5) Have a Streamlined, Attractive Page

We’ve suggested this with other marketing and branding pages, and it’s no different for your own YouTube channel. Bright, fun, appealing thumbnails create a clean aesthetic across your page that looks attractive and trustworthy to new viewers. It keeps it professional without being boring, so choose your thumbnails carefully and consider what the whole page will look like in a grid. Thanks to Instagram, we’re accustomed to pages laid out in a pleasing manner, with colors and patterns that click when we see them as a whole. Your YouTube thumbnail page should follow these visual guidelines.


6) Organize Your Page

Organizing your page is a good professional tip for seeming more put-together, and YouTube makes it easy by giving creators the ability to organize videos into playlists. If the viewer is interested in watching one specific type of video, chances are they’ll be happy to put on the whole playlist and know what to expect. Once you have enough videos in different categories, organizing them is a great tool for tracking your own catalog as well as appealing to viewers. Bon Appetit does an amazing job with this—check out their page for inspiration!


7) Make! Good!
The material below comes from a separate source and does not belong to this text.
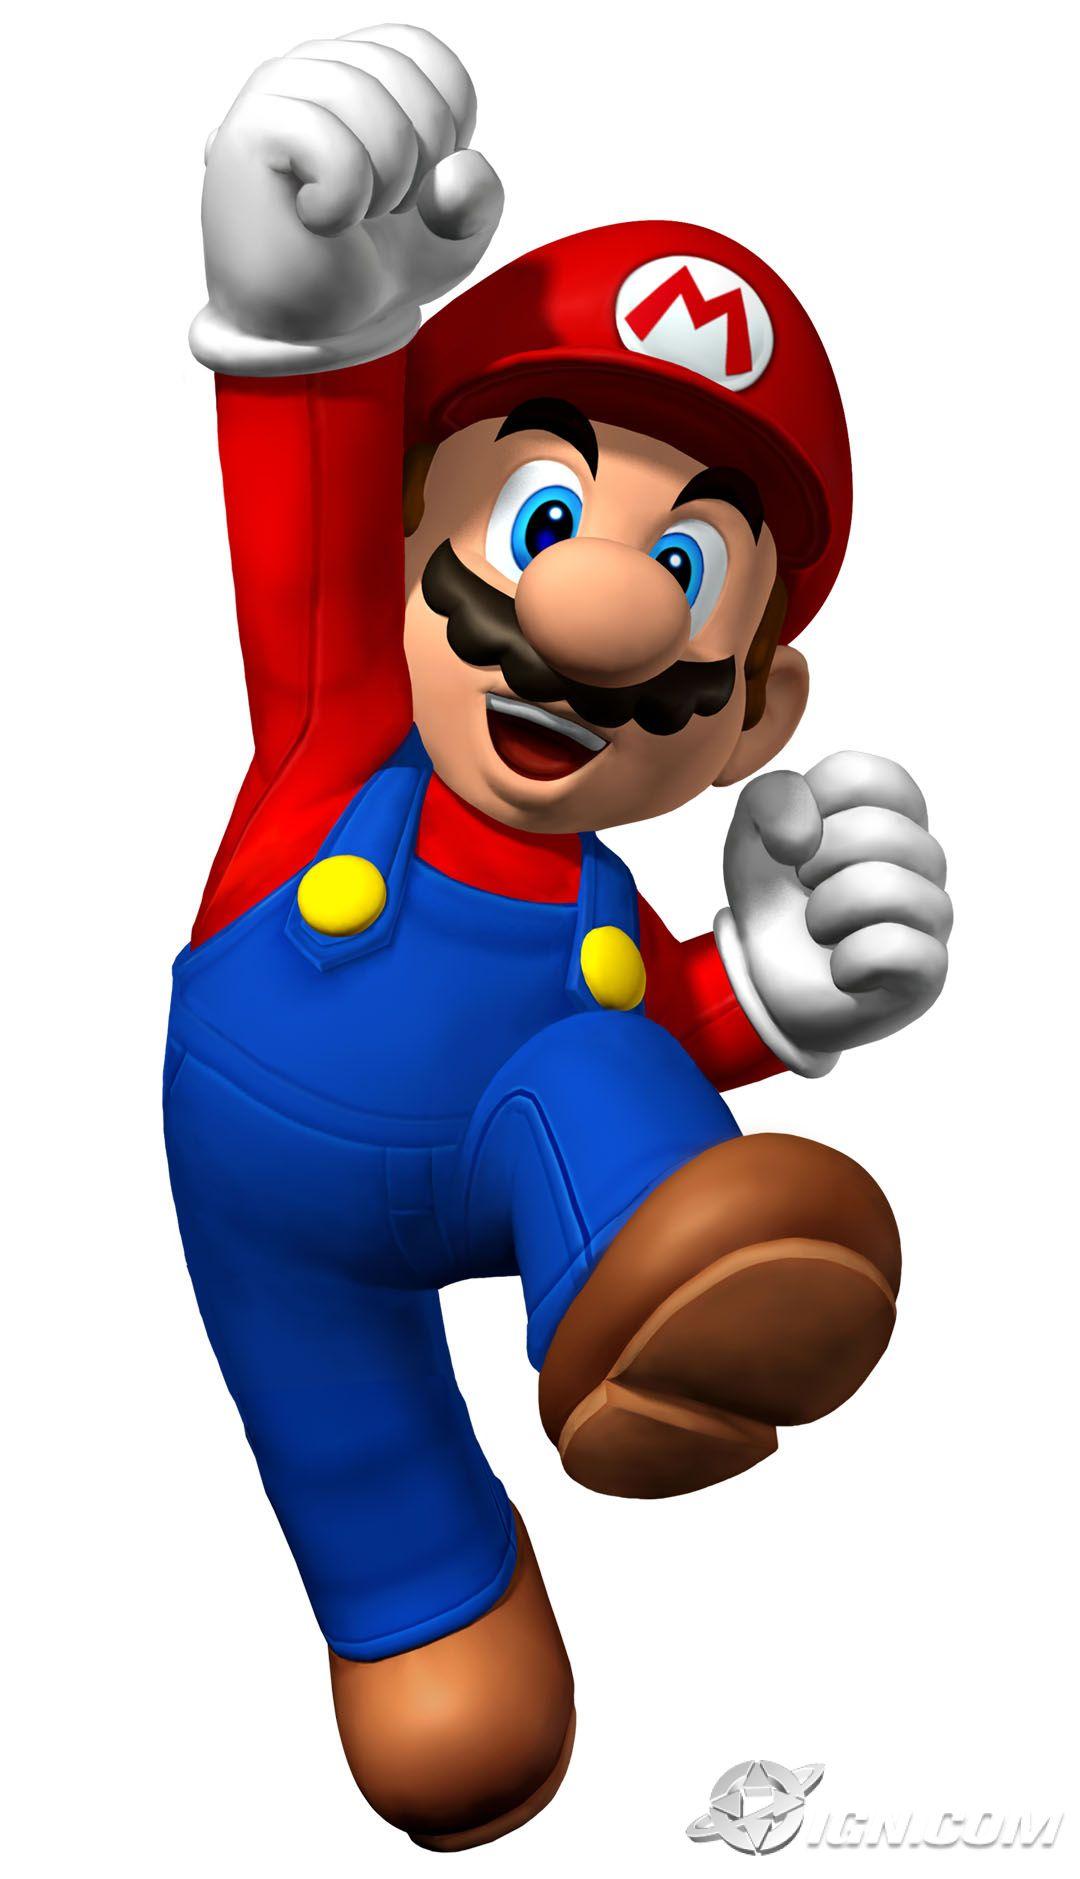 So, I Finally Got a Wii…

Videos!

We’ve been over this a lot, so we don’t need to go into much detail. But a good video will keep your viewers interested in your brand or product, trust your own voice, and will intrigue them to find out more. It will also translate into more subscribers, which means more viewers each time you post to your YouTube channel. For the full picture of what makes a good marketing video, check out this post.


8) Call to Action

This could mean asking for a share, a comment, or a subscription. Embedding a “subscribe” button at the end of each video is a quick way to capture the viewer right at the moment, and it will help grow your audience quickly. Plus, once you reach 1,000 subscribers and 4,000 hours of videos watched in one year, you can register as a partner and begin monetizing your channel. Win-win!